- Classification: Evangelical Christianity
- Theology: Baptist
- Origin: 1963
- Congregations: 375
- Members: 6,000

= Baptist Churches of the Central African Republic =

Baptist Christian denomination in Central African Republic

The Baptist Churches of the Central African Republic (Églises Baptistes de la RCA) is a Baptist Christian denomination in the Central African Republic.

==History==
Baptist Mid-Missions sent six missionaries to French Equatorial Africa in the fall of 1921. Rev. Haas, Mr. and Mrs. Fred Rosenau, Mr. and Mrs. Arthur Young, and Mrs. Rowena Becker reached Africa in January 1921 and journeyed inland to French Equatorial Africa. The first stations were established at Sibut, Crampel, and Bangassou, in what is now the Central African Republic. Although Hass died in 1924, the mission continued to expand and by the 1960s had grown to over 100 churches. The Scriptures were translated into the native Sango language, and a hospital, six dispensaries, two Bible schools, and a seminary were established by 1961. In 1960, both Chad and the Republic of Central Africa became independent states. Baptist Mid-Missions separated the two fields of labor, and the current association of Baptist churches was formed in 1963 with 191 churches.
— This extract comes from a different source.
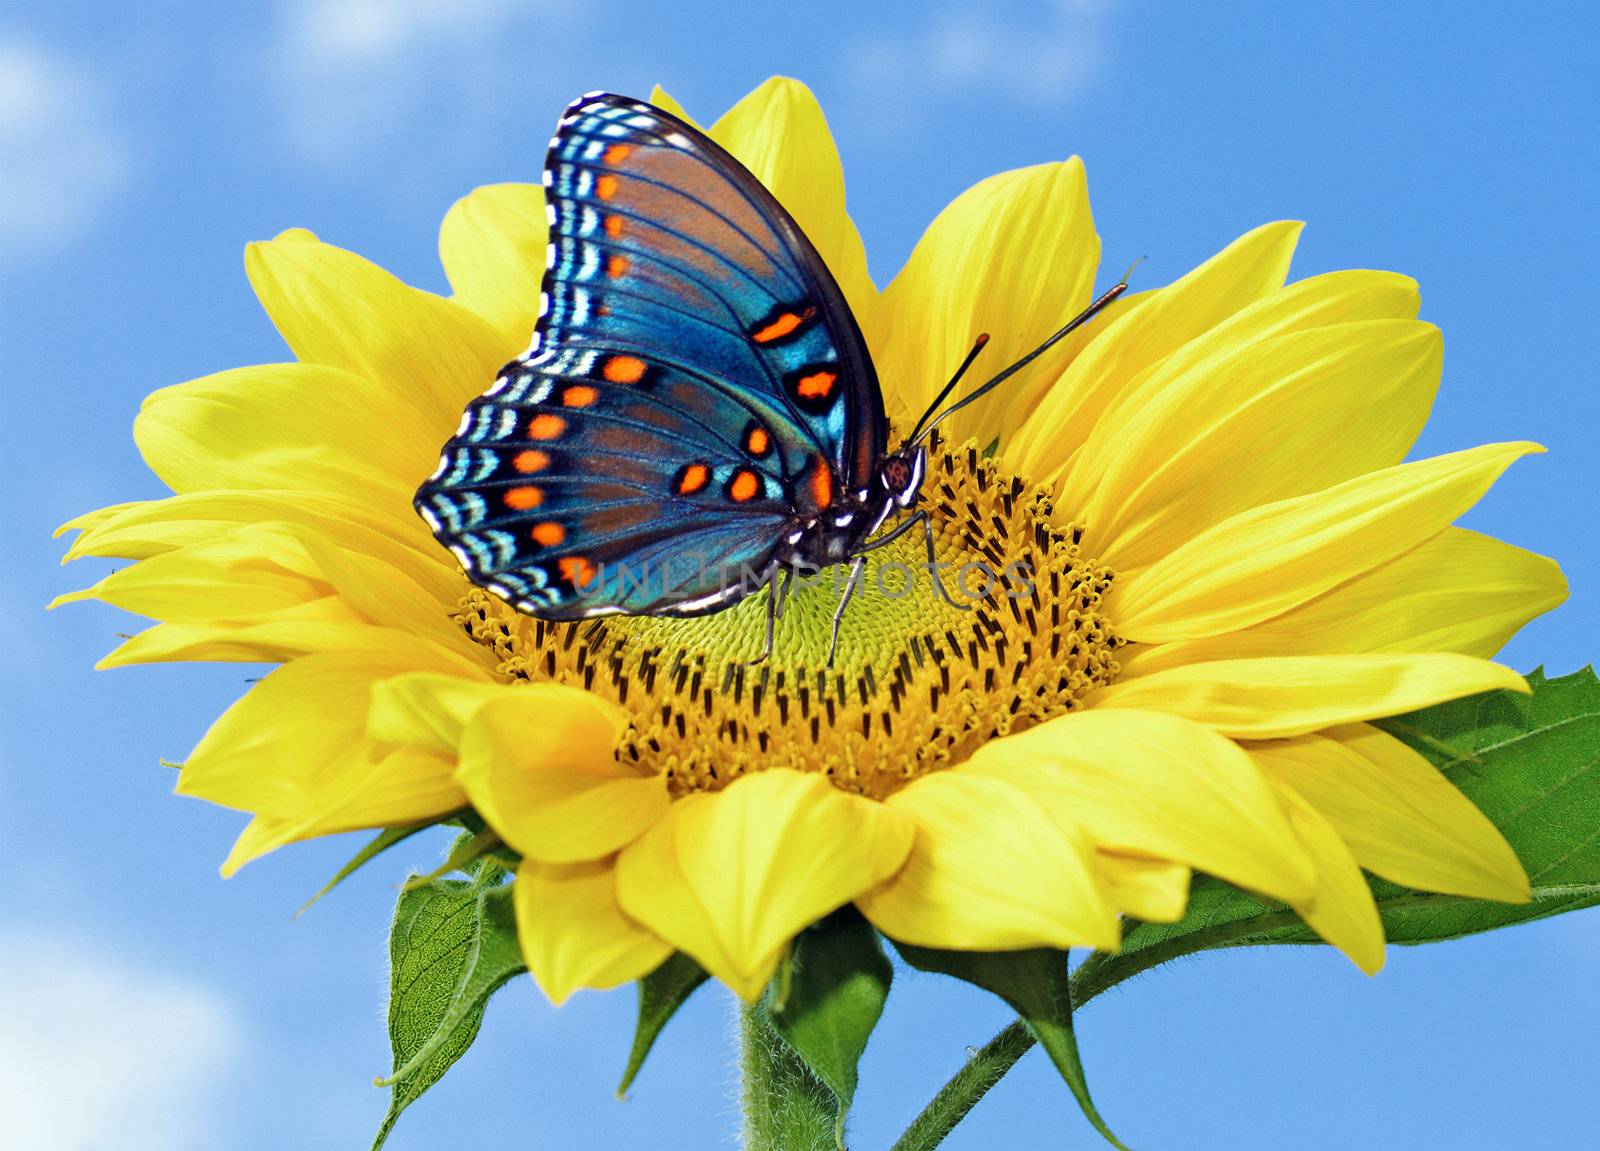 	
Sunflower with blue butterfly

Internal problems caused the dissolution of the association for a period of time in the 1970s. The Eglises Baptistes de la RCA has also suffered two schisms, resulting in the Fraternal Union of Baptist Churches (or Union Fraternelle des Églises Baptistes, org. 1977) and the Association of Central African Baptist Churches (or Association des Églises Baptistes Centrafricaines). Another Baptist group, the Association of Evangelical Baptist Churches of the Central African Republic, began from mission work of the Swedish Örebro Society in 1923.

In 1995 the Eglises Baptistes de la RCA had 375 churches with about 6,000 members.